I'm merging two datasets that each have ~1M rows using Google SQL Cloud (MySQL 5.5 w/4GB ram) and it takes over 5 hours to run. I run the following query from Sequel Pro:
我正在使用谷歌SQL Cloud (MySQL 5.5 w/4GB ram)合并两个数据集,每个数据集有大约1M行,运行时间超过5小时。我从Sequel Pro运行以下查询:
create table newtable as (select * from table1 t1 left join table2 t2 using (key))
Each table has approximately 20 VARCHAR columns. Key is also a VARCHAR.
每个表大约有20个VARCHAR列。Key也是VARCHAR。
I've created an index on key in both tables, but that didn't really change performance. I've searched a lot, but can't find any direct advice on how to improve the query time. Is this expected query time for MySQL?
我在两个表中都创建了一个键索引,但这并没有真正改变性能。我搜索了很多,但是找不到任何关于如何改进查询时间的直接建议。这是MySQL的预期查询时间吗?
EDIT: each table is ~250MB
编辑:每个表是~250MB
2 个解决方案
#1
3
The first thing that I noticed was that your KEY is set as a VARCHAR. This could be a major cause of the poor performance that you are experiencing. This can be improved by adding an auto-incremented Integer PRIMARY KEY. Since each String of the million KEY values in ‘table1’ is being individually compared against each of the million KEY values within ‘table2’, this makes for a very performance intensive task, made more so by the comparison between each of the characters in each of the Strings. As using Integers is a simple value to value comparison it will have much less of an impact.

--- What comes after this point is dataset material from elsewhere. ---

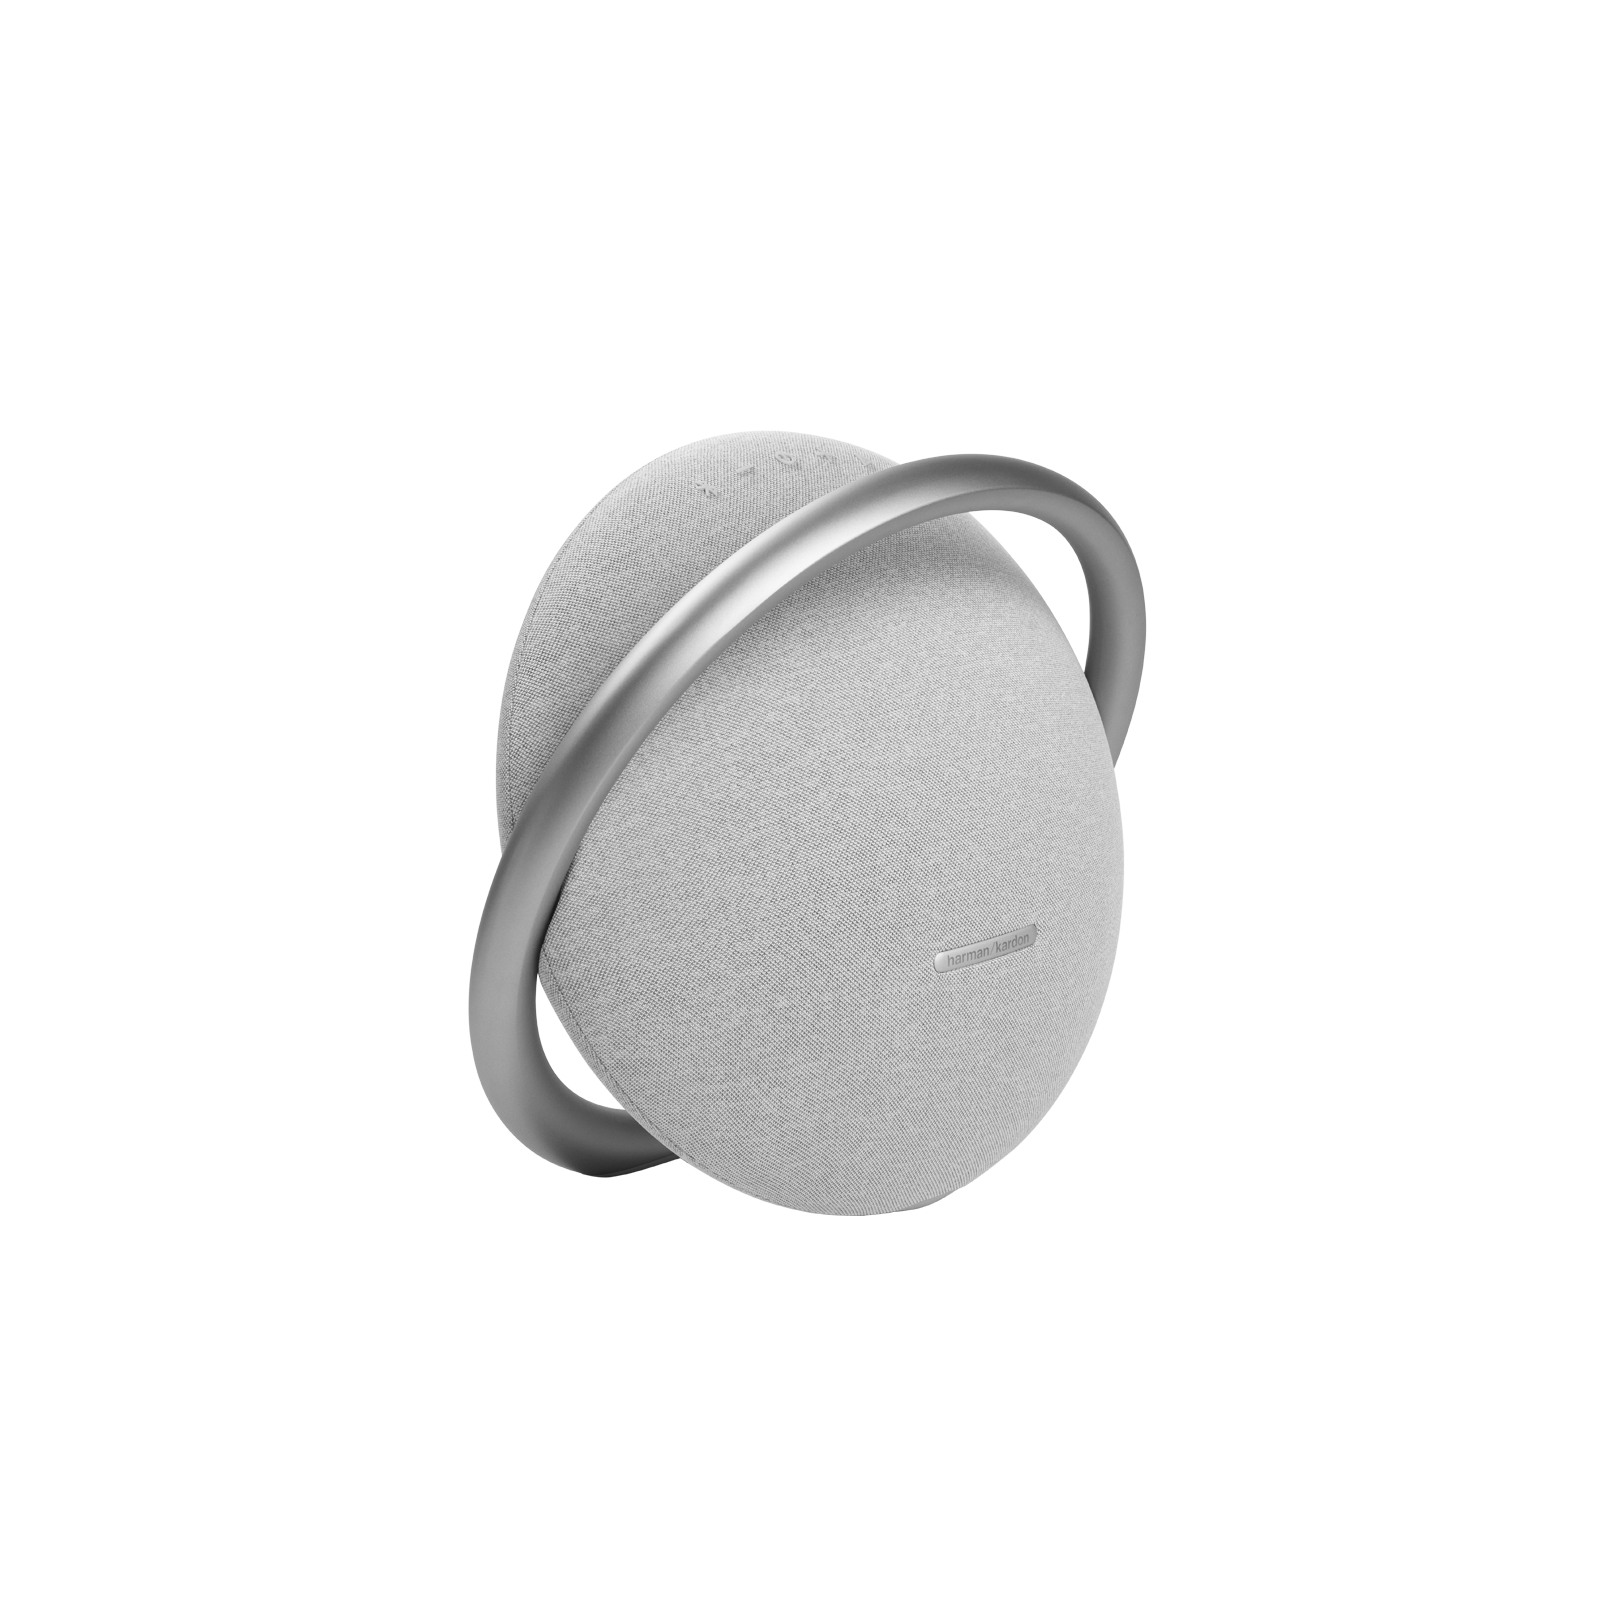 Onyx Studio 7 - Grey - Portable Stereo Bluetooth Speaker - Detailshot 1

我注意到的第一件事是你的钥匙被设置成一个VARCHAR。这可能是你正在经历的糟糕表现的一个主要原因。这可以通过添加一个自动递增的整数主键来改进。由于在“table1”中百万键值中的每一个字符串都与“table2”中百万键值中的每一个分别进行比较,这就导致了一个非常高的性能任务,通过对每个字符串中的每个字符的比较,这一任务变得更加复杂。由于使用整数是一个简单的值来进行值比较,因此它的影响要小得多。
The tier size of your Cloud SQl Instance will also have a big effect on performance due to the physical hardware constraints on your instance. You can change the tier of your instance temporarily to test it within the ‘Edit’ section of your Cloud SQL user interface or by using the Cloud SDK.
由于实例上的物理硬件约束,云SQl实例的层大小也会对性能产生很大的影响。您可以临时更改实例的层,以便在云SQL用户界面的“编辑”部分或使用云SDK对其进行测试。
#2
0
Silly as it may sound you might have better luck exporting your table with mysqldump, changing the table name, and then re-importing it.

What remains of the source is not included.